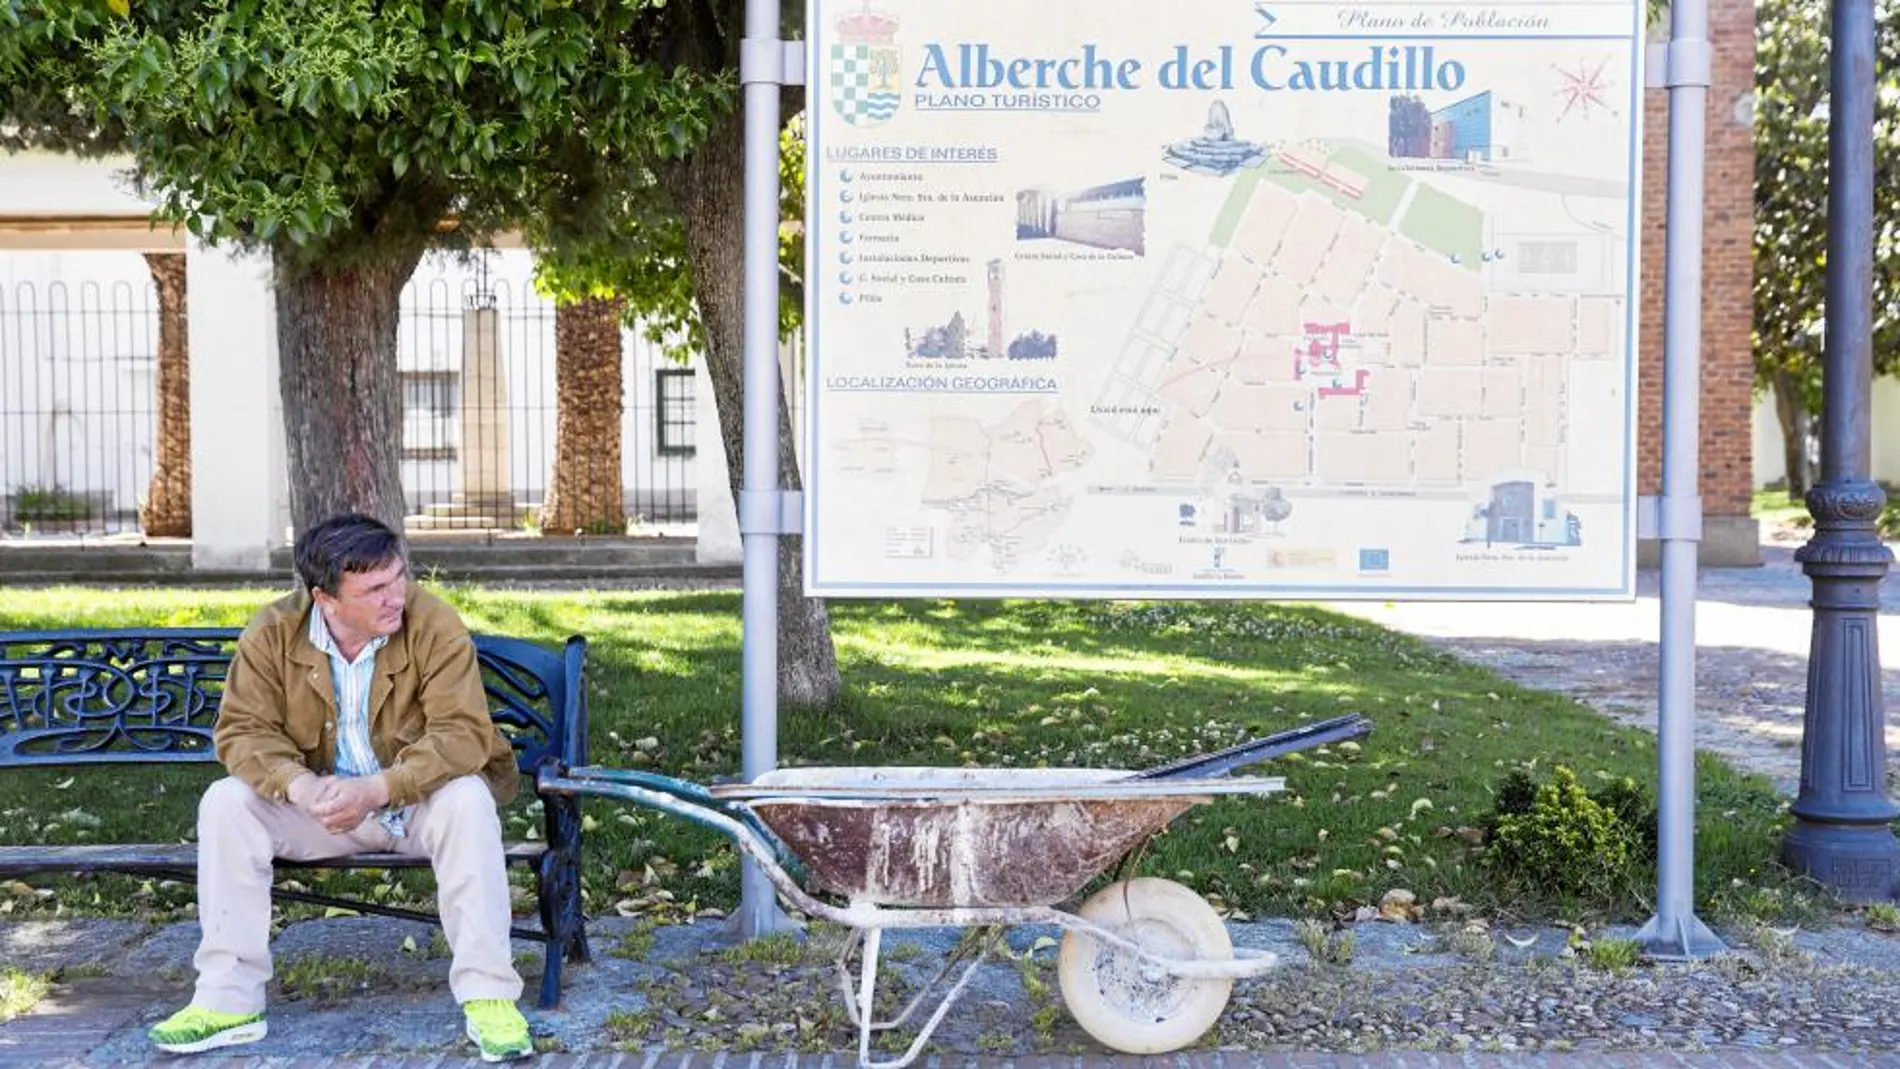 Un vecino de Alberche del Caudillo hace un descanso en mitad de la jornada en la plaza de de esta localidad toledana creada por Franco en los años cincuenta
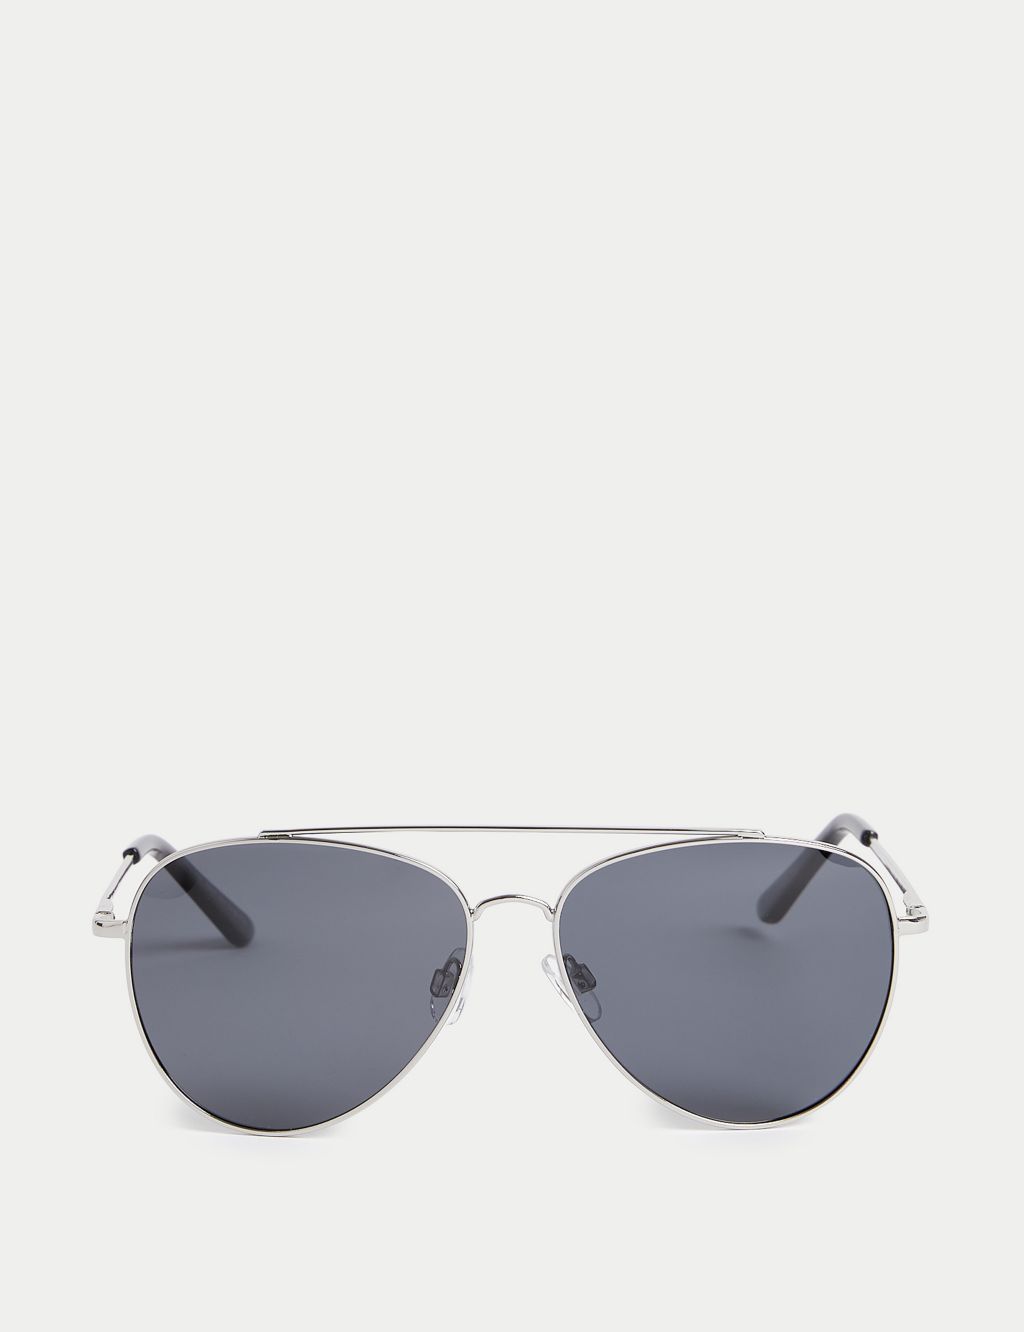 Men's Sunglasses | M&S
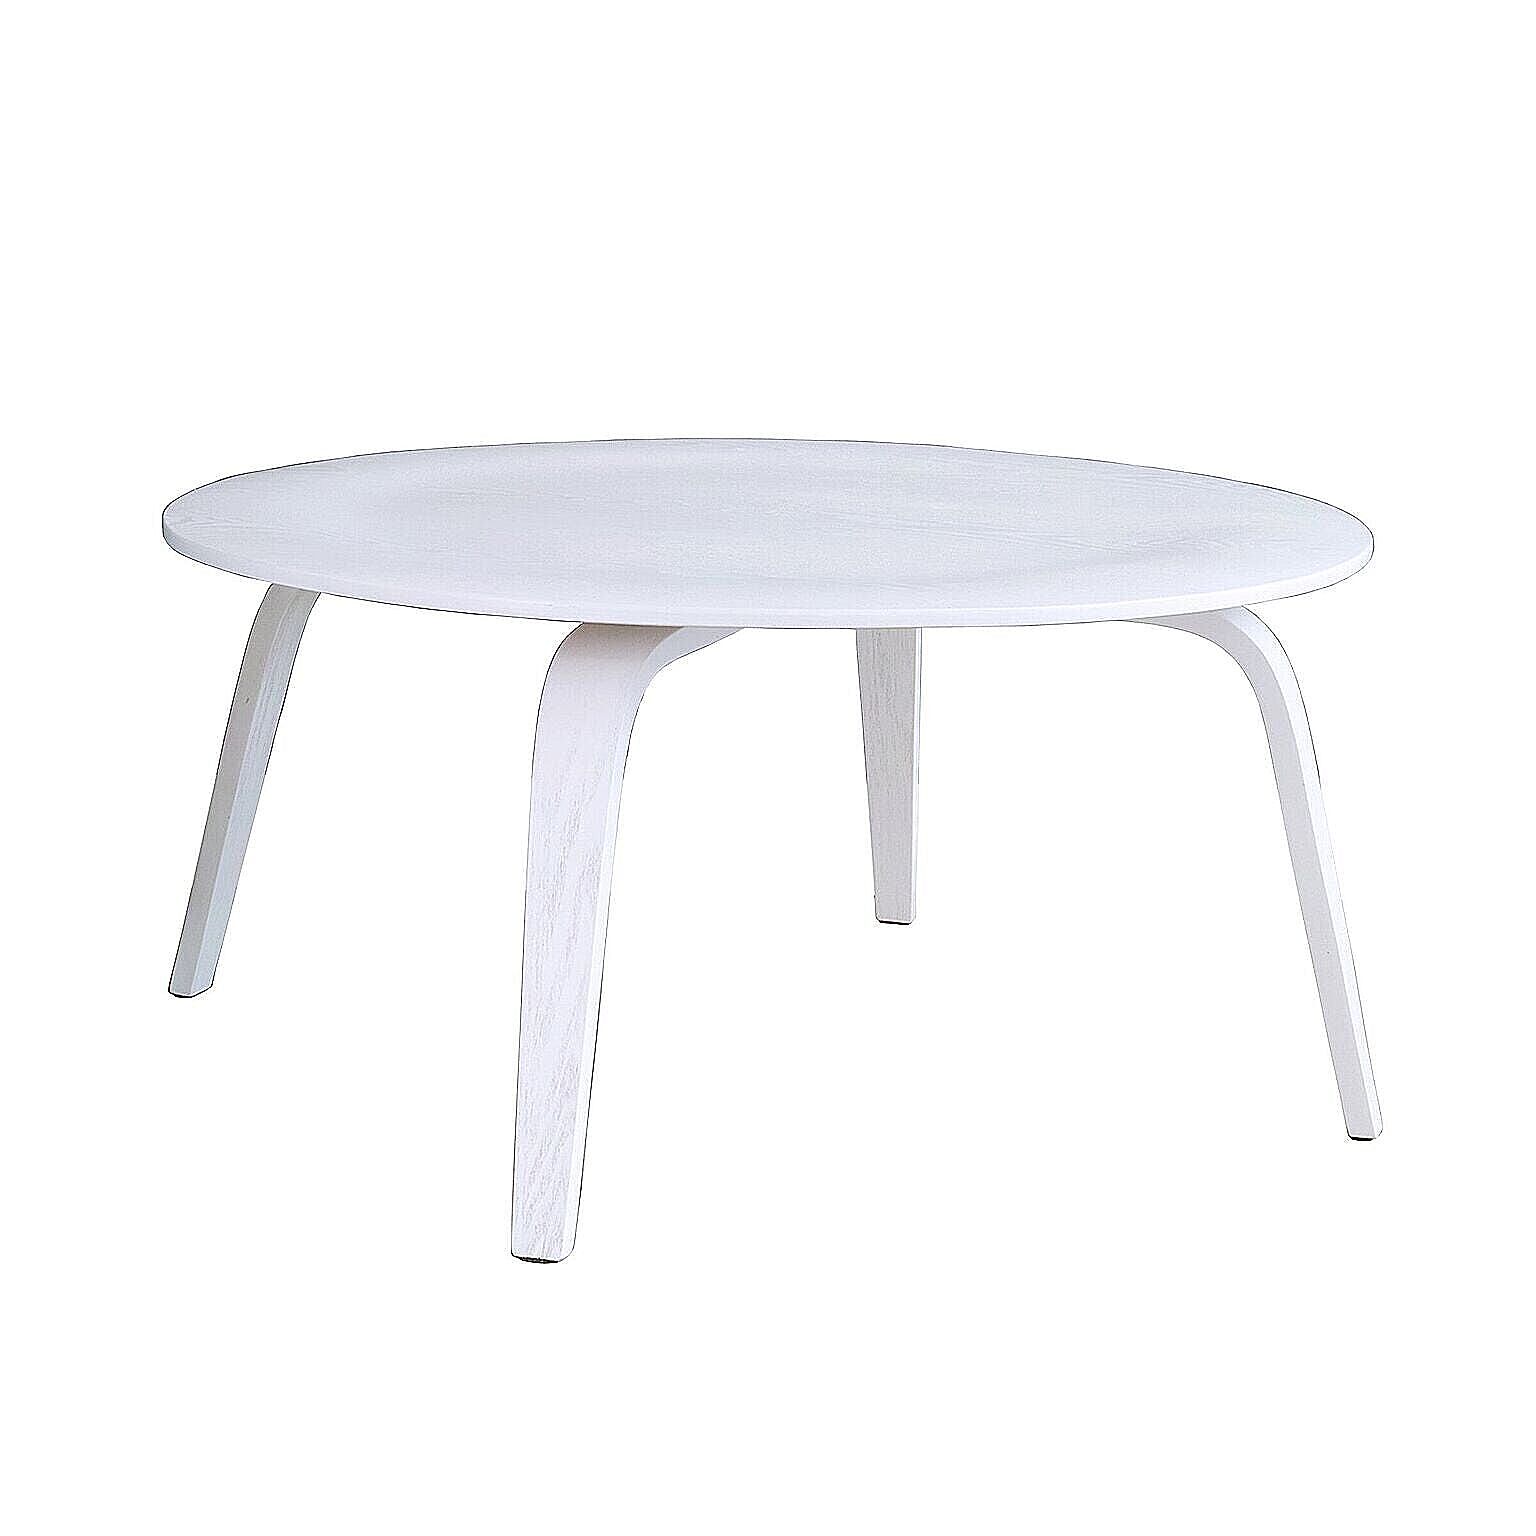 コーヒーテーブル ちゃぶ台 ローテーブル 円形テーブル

= = = = =

Exact output of each line above is wanted, without the pictures.

 Un vecino de Alberche del Caudillo hace un descanso en mitad de la jornada en la plaza de de esta localidad toledana creada por Franco en los años cincuenta
 Men's Sunglasses | M&S
 コーヒーテーブル ちゃぶ台 ローテーブル 円形テーブル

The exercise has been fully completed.